Hispanics United of Buffalo is the third opinion from the NLRB since September 2012 concerning application of traditional labor laws to employer regulation of employee use of social media. In one of the prior opinions, the NLRB examined the extent to which employer policies “chill” employee rights to engage in protected concerted activity under the NLRA. Hispanics United of Buffalo provides guidance on how the NLRB defines protected concerted activity in this social media era. The NLRB expressly stated that it will treat employee activity on social media using the same “analytical framework” that has been in place for nearly thirty years. In other words, the NLRB will not treat social media any differently than other ways in which employees may engage in protected concerted activity.
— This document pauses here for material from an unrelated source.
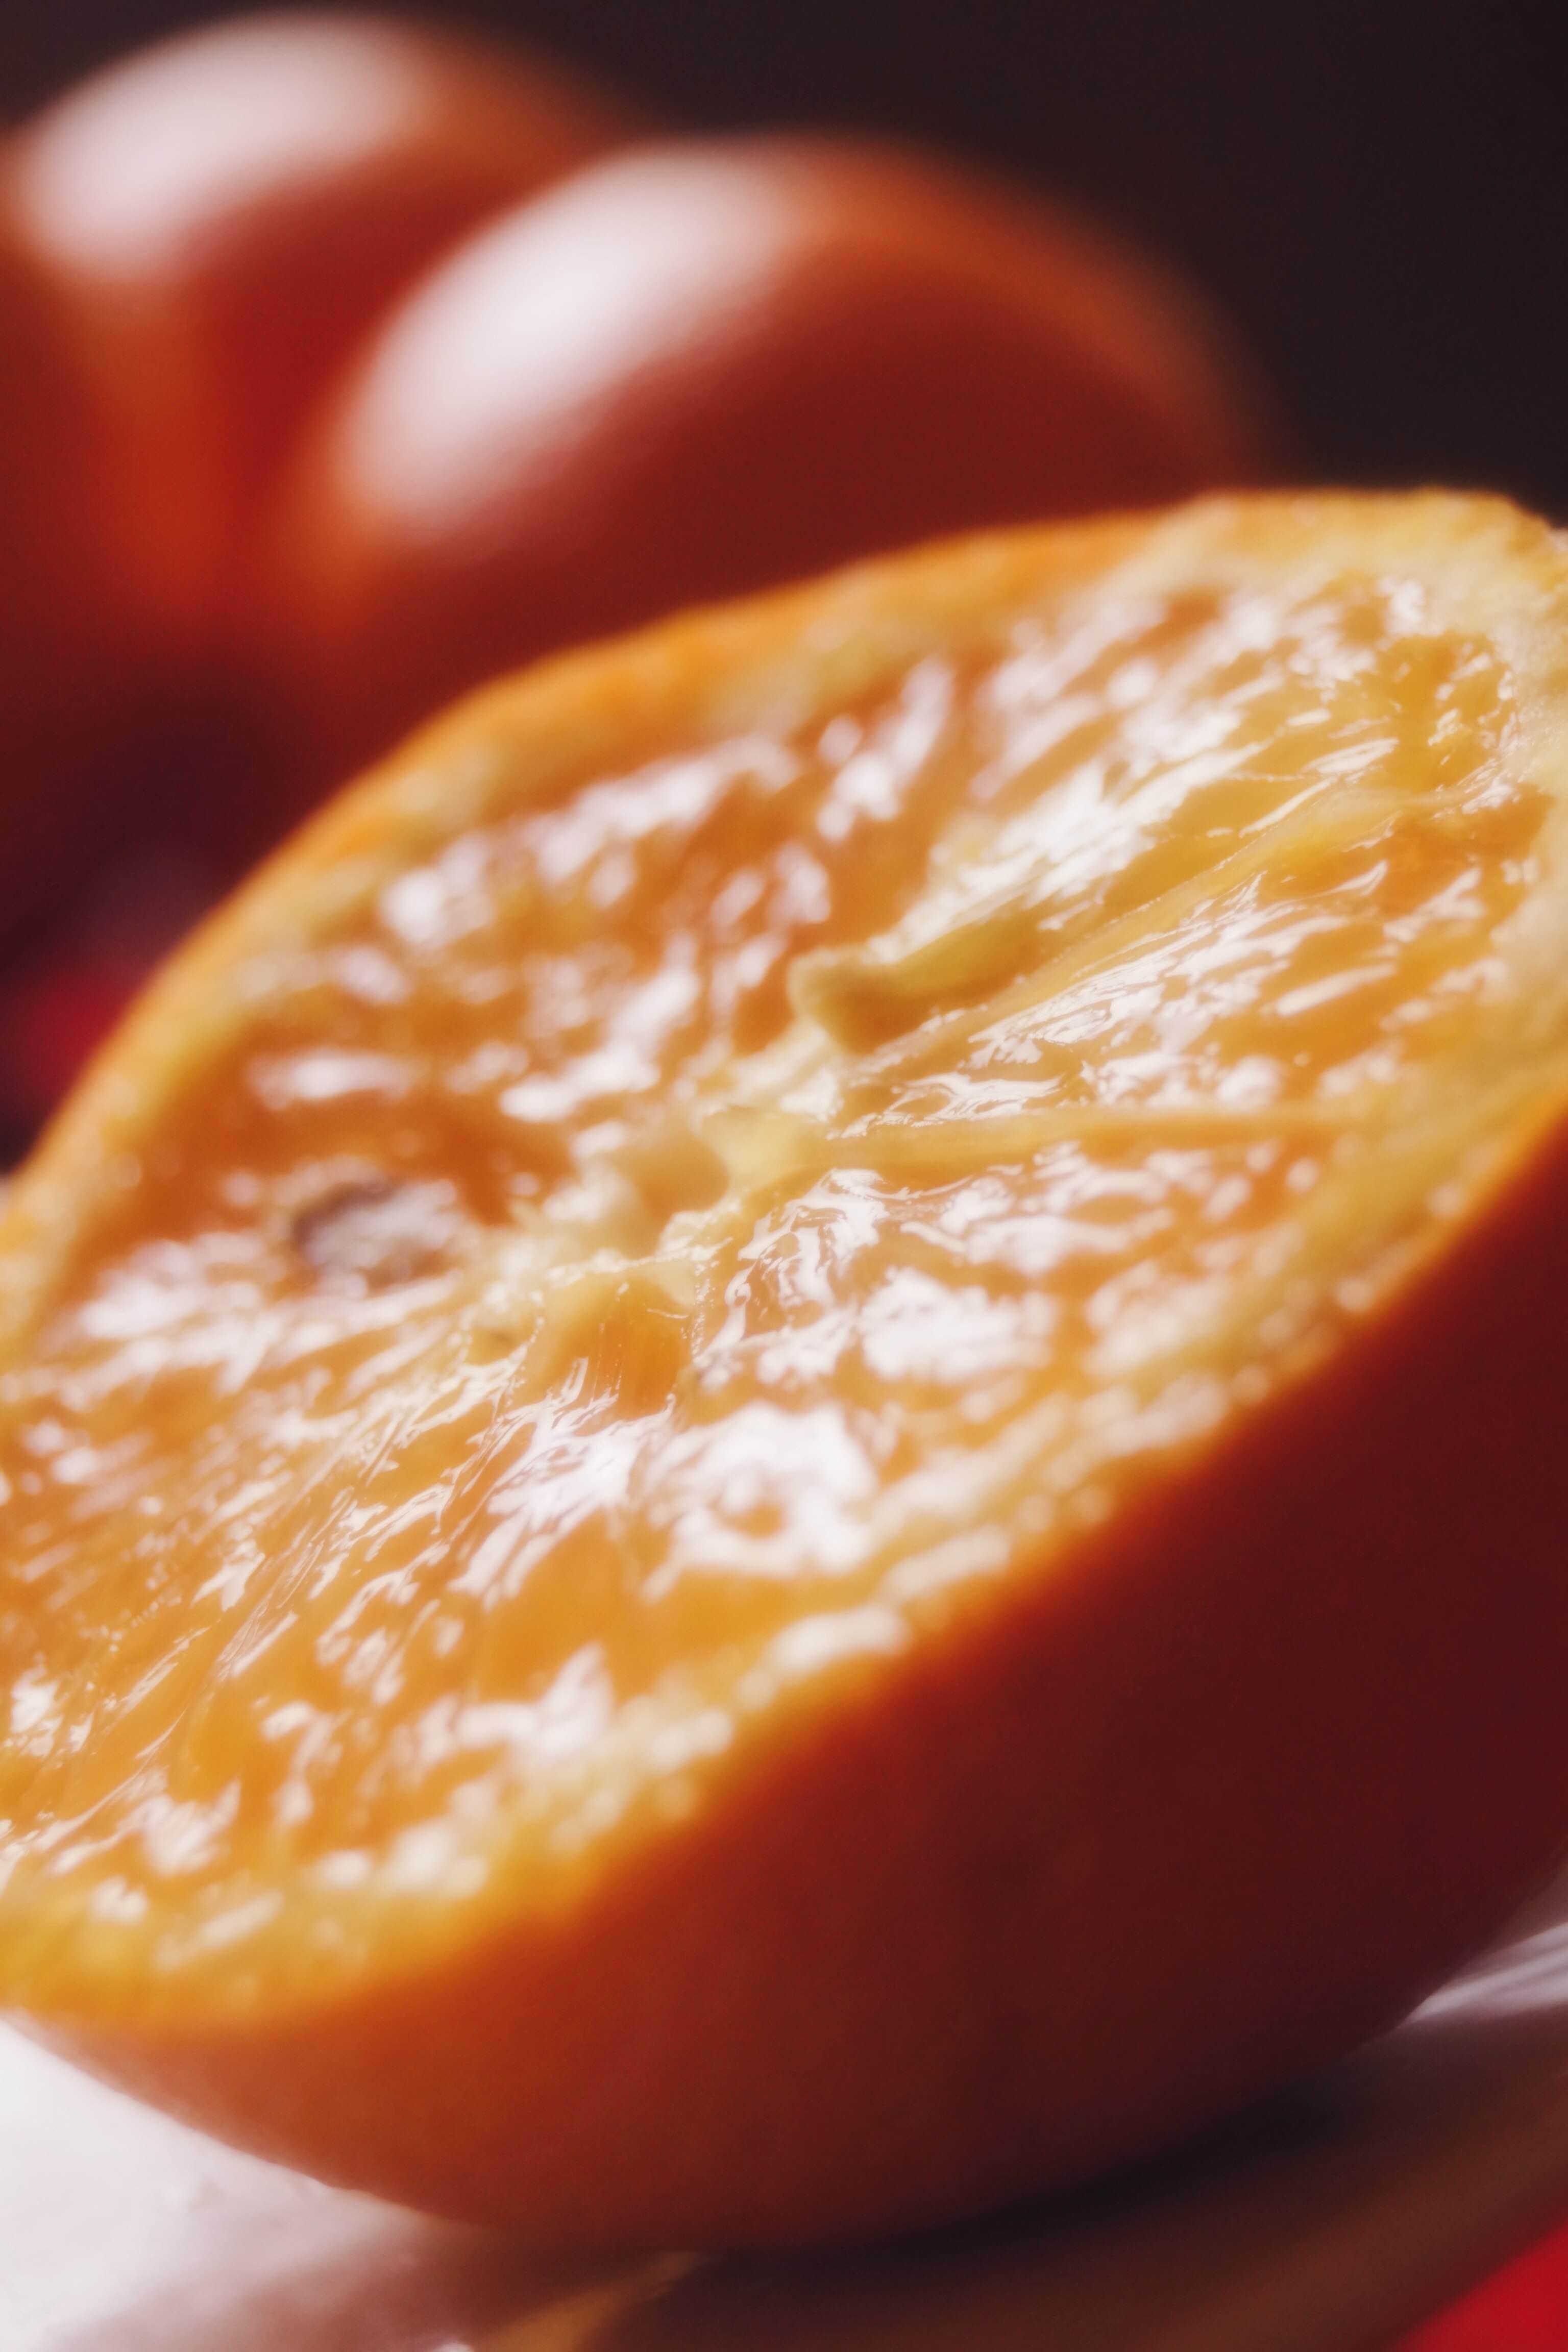 jus d'orange bio pressé café 203

The employer in Hispanics United of Buffalo, a non-union employer, discharged five employees after the employees made negative comments on Facebook – while off-duty and via their personal computers – about one of their coworkers. The dispute arose after an employee posted a comment on her Facebook page stating that one of her coworkers was complaining that fellow employees were not doing enough and soliciting opinions from her other coworkers. Four coworkers responded, albeit with profanity and sarcasm, defending their job performance and commenting on working conditions. The employer discharged all five employees pursuant to its “zero tolerance” harassment policy.
Guidance for Employers
The Hispanics United of Buffalo decision carries precedential value and is the first to signal that the NLRB will not sway from long standing precedent simply because social media is a new form of communication – a “virtual water cooler.” Employers must also keep in mind that the NLRA applies to non-unionized employers and that employees can engage in protected concerted activity during non-business hours and off premises. Finally, an employer’s overly broad policy will not trump the protections afforded by the NLRA.
In adopting the recommendations of an ALJ, the NLRB found that by firing the employees, the employer violated the employees’ right to engage in protected concerted activity. The NLRB held that the posts were protected by the NLRA because the employees were discussing their job performance. In reaching this conclusion, the NLRB reasoned that when the employee stated her concerns and solicited her coworkers views, which were subsequently provided, the employees were “taking the first step towards taking group action to defend themselves against the [coworker’s] accusation [that they were not doing enough].” Whether the original employee intended to voice her complaints was irrelevant, found the NLRB, because the Facebook posts had the clear “mutual aid” objective of preparing coworkers to defend against the complaints. Finally, the NLRB rejected the employer’s argument that its “zero tolerance” anti-harassment policy applied, noting that the comments could “not reasonably be construed as a form of harassment or bullying” under the policy, and even if it did, it could not apply the policy “without reference to Board law.” Accordingly, by discharging the five employees for their Facebook posts, the employer violated the NLRA.
Employers should take extreme care when taking an adverse action against an employee for his/her usage of social media, especially where that usage relates in any way to work.